Глинка
Шрифт:
Он вспомнил каретника Векшина и дорогу в Орел. Пожалуй, как ни жаль было оставлять Новоспасское, ему все же захотелось ехать. Петербург тянул к себе. «Петербурга не минуешь», — привык он слышать от Афанасия Андреевича. Петербург — это ворота к зрелости и, правду сказать, к вольности… В лесах и впрямь одиноко!
— 1817—
В державном граде
…В отечестве моем
Где верный ум, где сердце мы найдем?
Где гражданин с душою благородной,
Возвышенно
Пушкин
1
Издатель «Азиатского музыкального журнала», он же капельмейстер хора преосвященного Анастасия Братановского и учитель музыки в Астрахани, зимой 1818 года посетил столицу. Было объявлено о намерении учителя «повидать истых орфеев нашего времени и законодателей музыкальных вкусов, дабы по возвращении сделать доклад читателям журнала о всем том, что остается неведомым в музыкальной провинции».
Ивану Добровольскому — как звали издателя журнала — было бы трудно, однако, осуществить эту свою цель: немало провинциальных меломанов довольствовалось при приезде сюда двумя-тремя случайными беседами с петербургскими музыкантами о их житье, не вдаваясь в оценки столичных постановок, — музыкальной критики слышно не было, в литературе первенство отдавалось Державину и Карамзину, а в музыке властен под стать им, возрождая щеголеватый и самоусладительный «Екатеринин век», старый Бортнянский — автор русских, французских и итальянских опер, некогда певчий придворной капеллы, а теперь ее управляющий.
Все это было не ново учителю из Астрахани, и сам он отдавал должное Бортнянскому, которого почитал, по собственному признанию, всем сердцем, но не за официальными истинами совершал он сюда дальний свой путь. И не столичных анекдотов ждали от него немногочисленные подписчики его журнала, издававшегося, кстати говоря, на пожертвования церковного хора и местных ревнителей музыки. Сообщали из Астрахани, якобы учитель, первый в стране, начал усердно собирать и печатать, не прибегая к инструментальной обработке, местные народные мелодии — «пестовать песни», — среди них принадлежащие к восточным народам. Учитель ездил по селам и записывал песни на ноты, пытаясь чаще всего передать их в фортепианном изложении, и в Астраханском крае, по свидетельству жителей, широко привились пришедшие в город из степей «новые, никем не подсказанные мотивы», а местные дворяне все чаще посылали своих управляющих в Москву и Петербург добывать новейшие клавесины, именуемые фортепиано…

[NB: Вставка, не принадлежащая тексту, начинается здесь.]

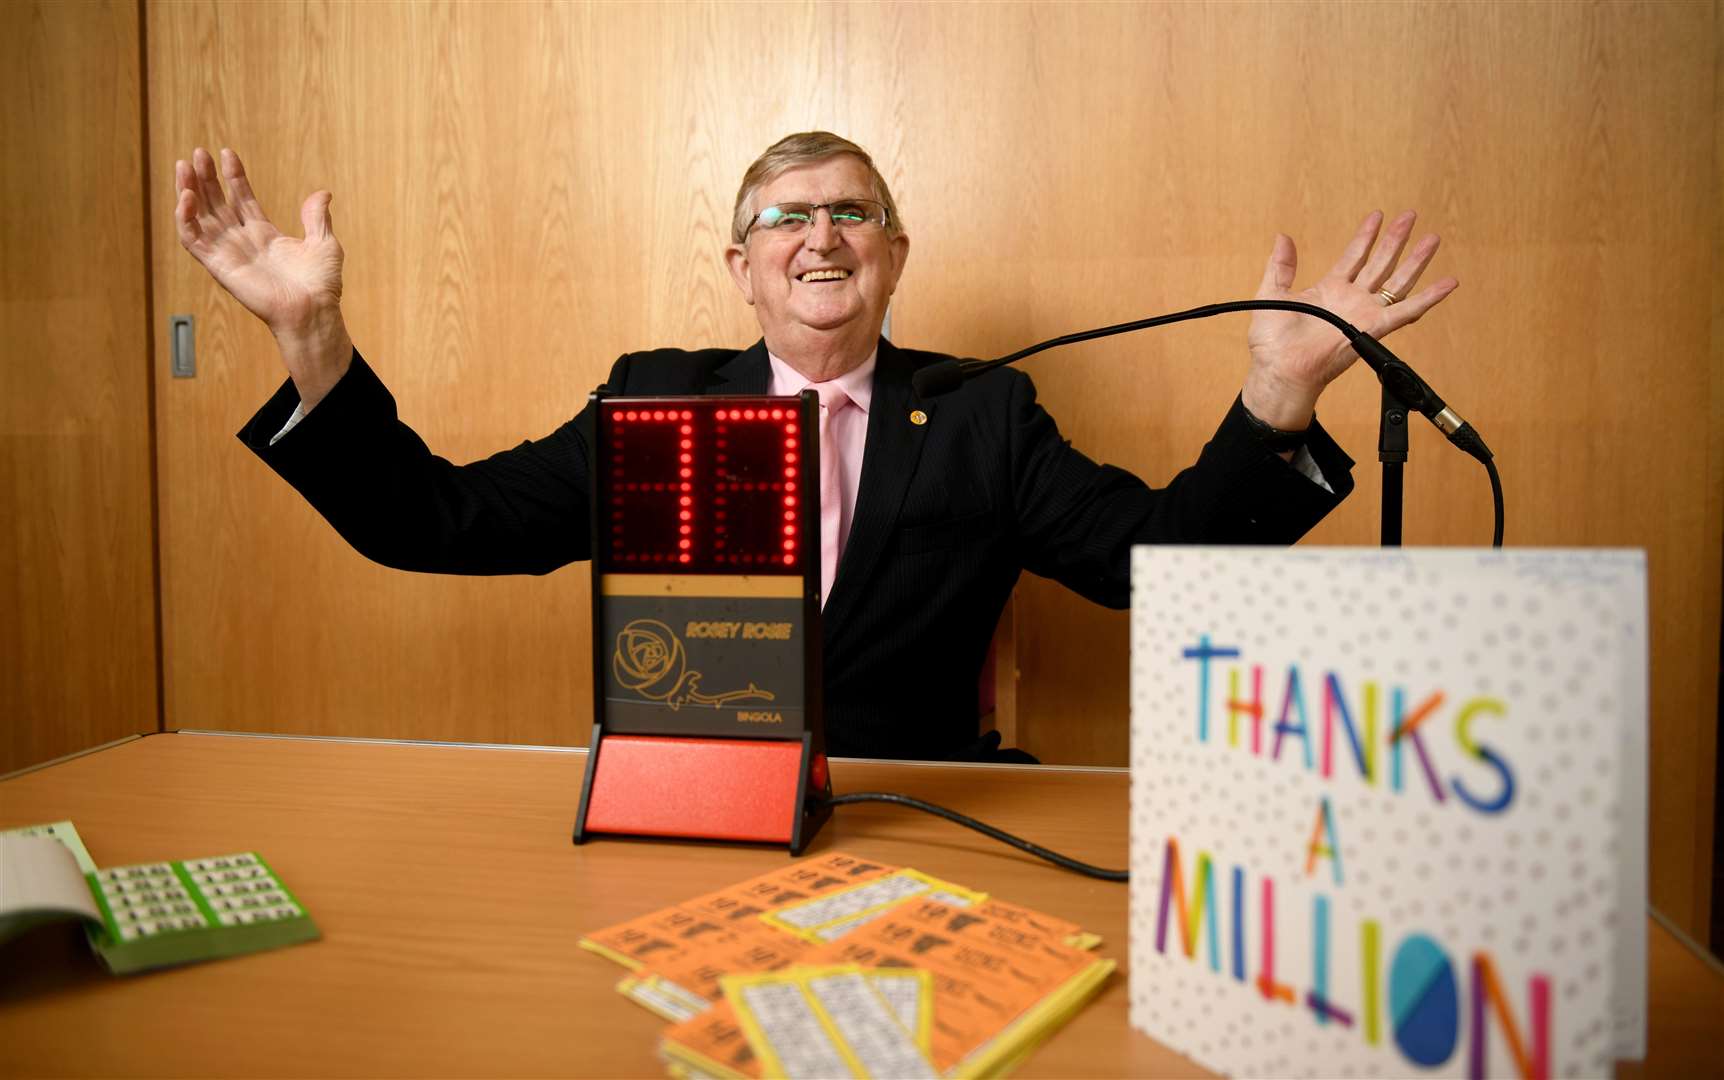 Don Williams with his age and Thank You card displayed. Picture: James Mackenzie

В Петербурге стала известна благодаря журналу «Персидская песня» Фат-Али, дербентского хана, записанная, по словам знатоков, «как бог на душу положит», без разделения на такты, в виде народной импровизации и без какого-либо влияния общепризнанной официально музыки. Ее исполнял в домах маленький оркестр из двух скрипок, флейты и барабана. Это было легко.
«Азиатский музыкальный журнал» бросил вызов столичным музыкантам. О судьбах народной песни, о подвластности ее иссушающему духу светских традиций в музыке глухо заговорили и ссылались на добрый пример астраханского учителя. Прозвучала в те времена в столице и грустная, сочиненная кем-то песенка о самой песне:
Скучно песне стало,
Ох, как песне скучно!
Ей ведь не пристало
Жить благополучно.
Ей уйти б от света,
Ей уйти б от лести,
Или «песня спета»
Для самой же песни!
Поговорить о собирании песен, об инструментовке их и вознамерился учитель Иван Добровольский. Он не был одинок в своем деле: петербургские композиторы
Но первый свой визит издатель «Азиатского музыкального журнала» нанес Бортнянскому.
Чинный, в широкой, нескладной шубе, шитой астраханским портным, он, зная, что вечерами композитора застать труднее, посетил его в ранний час, около двенадцати дня. Визитная карточка, переданная через швейцара Бортнянскому, должна была напомнить композитору о прежней их встрече, лет шесть назад, и о том, что ныне учитель Иван Добровольский издает «Азиатский музыкальный журнал».
Беседовать с Бортнянским на дому выпадало не всякому провинциальному издателю и музыканту, к тому же Бортнянский болел, новые знакомства почти не заводил, по с теми, с кем приходилось ему хоть раз встречаться, он считал своим долгом поддерживать отношения.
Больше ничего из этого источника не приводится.